Search the records for the string "Hotel" and copy every line in which it appears.

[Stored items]
_ _ _ _ _ _ _
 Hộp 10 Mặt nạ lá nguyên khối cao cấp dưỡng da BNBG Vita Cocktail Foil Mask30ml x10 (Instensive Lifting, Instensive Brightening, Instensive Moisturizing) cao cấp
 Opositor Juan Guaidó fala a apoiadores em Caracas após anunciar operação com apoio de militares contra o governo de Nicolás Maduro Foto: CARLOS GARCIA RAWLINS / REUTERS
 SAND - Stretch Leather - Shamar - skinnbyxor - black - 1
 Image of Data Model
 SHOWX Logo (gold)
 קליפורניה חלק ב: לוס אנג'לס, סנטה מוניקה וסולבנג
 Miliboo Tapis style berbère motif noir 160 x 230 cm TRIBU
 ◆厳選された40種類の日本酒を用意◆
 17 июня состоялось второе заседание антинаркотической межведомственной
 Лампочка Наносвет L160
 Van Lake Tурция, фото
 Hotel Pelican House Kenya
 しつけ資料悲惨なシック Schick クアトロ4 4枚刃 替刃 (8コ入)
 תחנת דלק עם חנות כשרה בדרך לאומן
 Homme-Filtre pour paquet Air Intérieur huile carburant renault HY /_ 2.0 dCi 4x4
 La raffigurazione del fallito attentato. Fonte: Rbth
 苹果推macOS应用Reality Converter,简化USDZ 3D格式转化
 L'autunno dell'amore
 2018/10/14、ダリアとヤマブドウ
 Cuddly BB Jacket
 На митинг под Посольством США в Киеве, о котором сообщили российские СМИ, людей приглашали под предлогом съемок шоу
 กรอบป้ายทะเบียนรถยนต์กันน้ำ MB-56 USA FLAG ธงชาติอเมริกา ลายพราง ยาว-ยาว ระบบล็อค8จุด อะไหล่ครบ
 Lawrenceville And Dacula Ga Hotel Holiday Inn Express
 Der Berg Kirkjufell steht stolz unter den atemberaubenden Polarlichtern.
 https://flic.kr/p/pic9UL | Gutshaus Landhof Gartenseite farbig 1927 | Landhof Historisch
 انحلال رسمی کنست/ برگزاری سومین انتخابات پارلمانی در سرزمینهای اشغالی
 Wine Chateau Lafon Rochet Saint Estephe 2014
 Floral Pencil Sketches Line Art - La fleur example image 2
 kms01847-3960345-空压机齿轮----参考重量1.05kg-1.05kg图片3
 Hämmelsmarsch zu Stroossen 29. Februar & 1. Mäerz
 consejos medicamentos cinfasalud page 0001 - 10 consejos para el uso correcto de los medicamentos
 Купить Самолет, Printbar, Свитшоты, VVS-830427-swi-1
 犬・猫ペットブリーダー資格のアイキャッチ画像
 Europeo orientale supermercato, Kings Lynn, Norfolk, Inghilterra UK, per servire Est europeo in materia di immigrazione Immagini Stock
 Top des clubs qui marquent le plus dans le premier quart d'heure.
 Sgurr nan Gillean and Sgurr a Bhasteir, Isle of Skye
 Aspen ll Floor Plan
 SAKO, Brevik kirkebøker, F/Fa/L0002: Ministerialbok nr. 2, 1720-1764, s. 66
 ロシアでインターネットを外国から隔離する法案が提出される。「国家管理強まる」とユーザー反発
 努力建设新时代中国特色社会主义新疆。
_ _ _ _ _ _ _
● RESULT OF THE TASK:
 Hotel Pelican House Kenya
 Lawrenceville And Dacula Ga Hotel Holiday Inn Express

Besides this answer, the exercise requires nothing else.